In fact I encourage that you go out of your way to think of the most bizarre uses of your program. Take a look at what an AI came up with as ideas.

chatgpt response with ideas for projects

In this part, we'll start coding our web app with JavaScript and HTML to set up our speech to text feature, start listening function, and stop listening function!

Outline:

  1. Enter The Code Editor (start coding in your browser)
  2. Set Up the HTML Some More (visualize the conversation with AI)
  3. Let's Get Orpheus to Speak! (text to speech recognition!)

Enter the Code Editor

Firstly, let's get setup in the code editor! Head over to the Replit Website and open the project you were working in the last part of this Jams.

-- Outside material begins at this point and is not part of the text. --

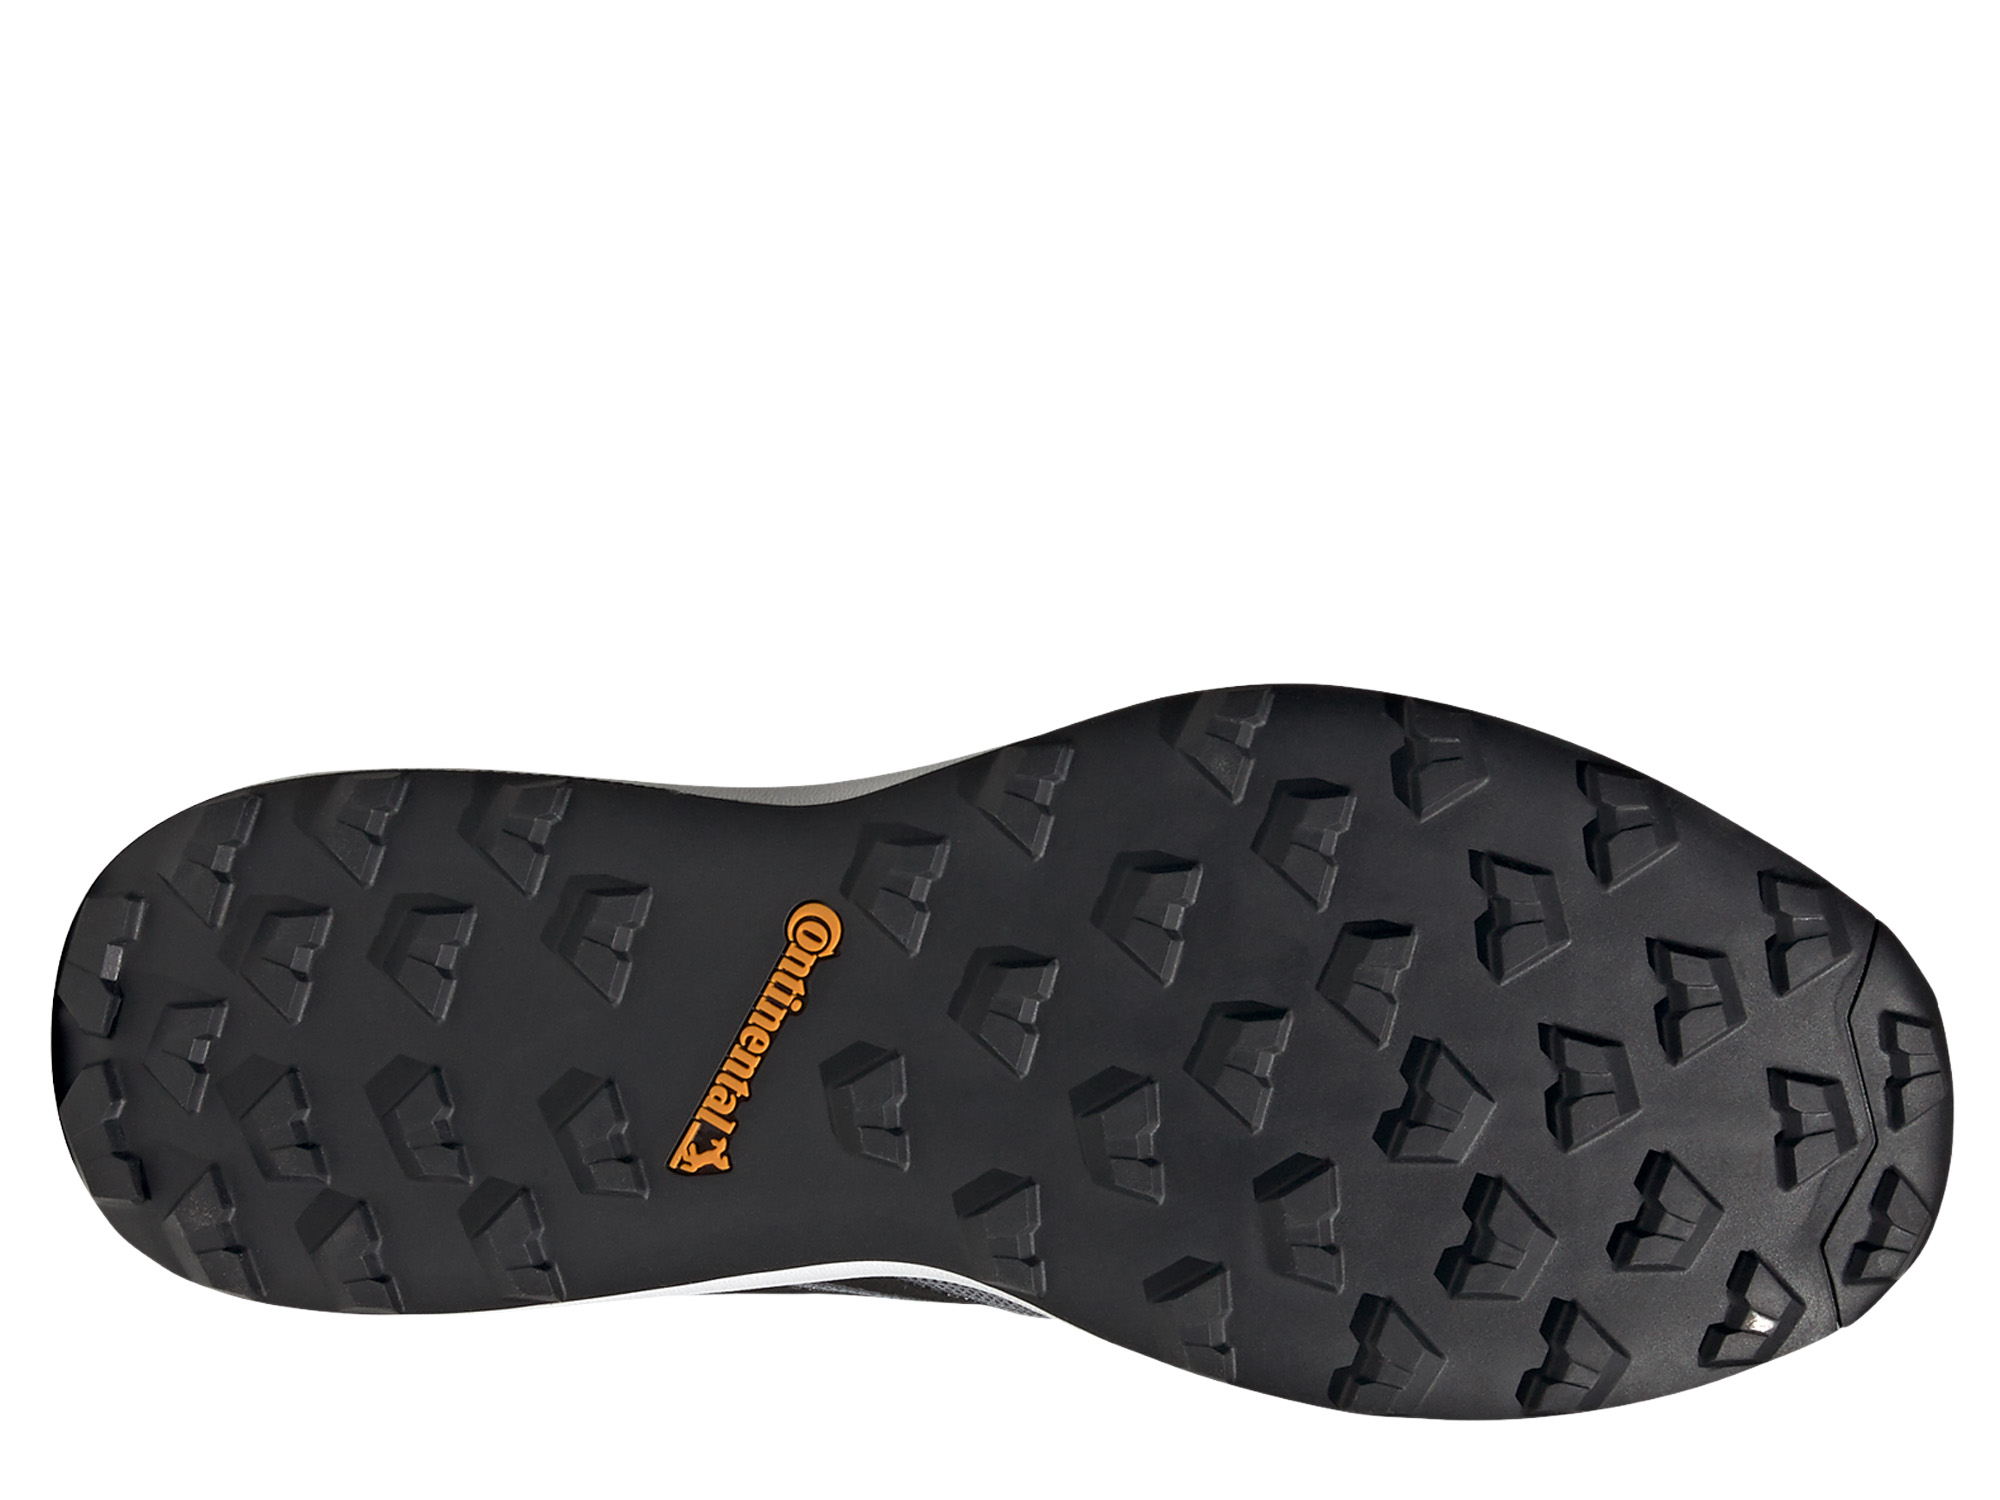 Adidas Terrex Agravic GTX Herren Trailrunning Schuh

You should see your 3 files: index.html, script.js, and style.css respectively.

Set Up the HTML Some More

Now let's get Orpheus to speak instead of a boring console.log.

There are two parts to this: 1) we want to hear it, but 2) we also want to see it, so we need to edit the HTML now.

That's easy! Go to index.html and add this to the <body>

<body>
    <div id="startup">&middot; &middot; &middot;</div>
    <div id="messages"></div>
    <div id="loading">&middot; &middot; &middot;</div>
    <div id="result">&middot; &middot; &middot;</div>
</body>

Don't be scared of HTML entities! They are just descriptions for different symbols, here we are using the middle dot symbol (middot or . ) to represent loading bubble.

The messages div will store all the messages between us and Orpheus, startup is the initial loading of the Teachable Machine model, loading is for Orpheus' responses, and result is our responses.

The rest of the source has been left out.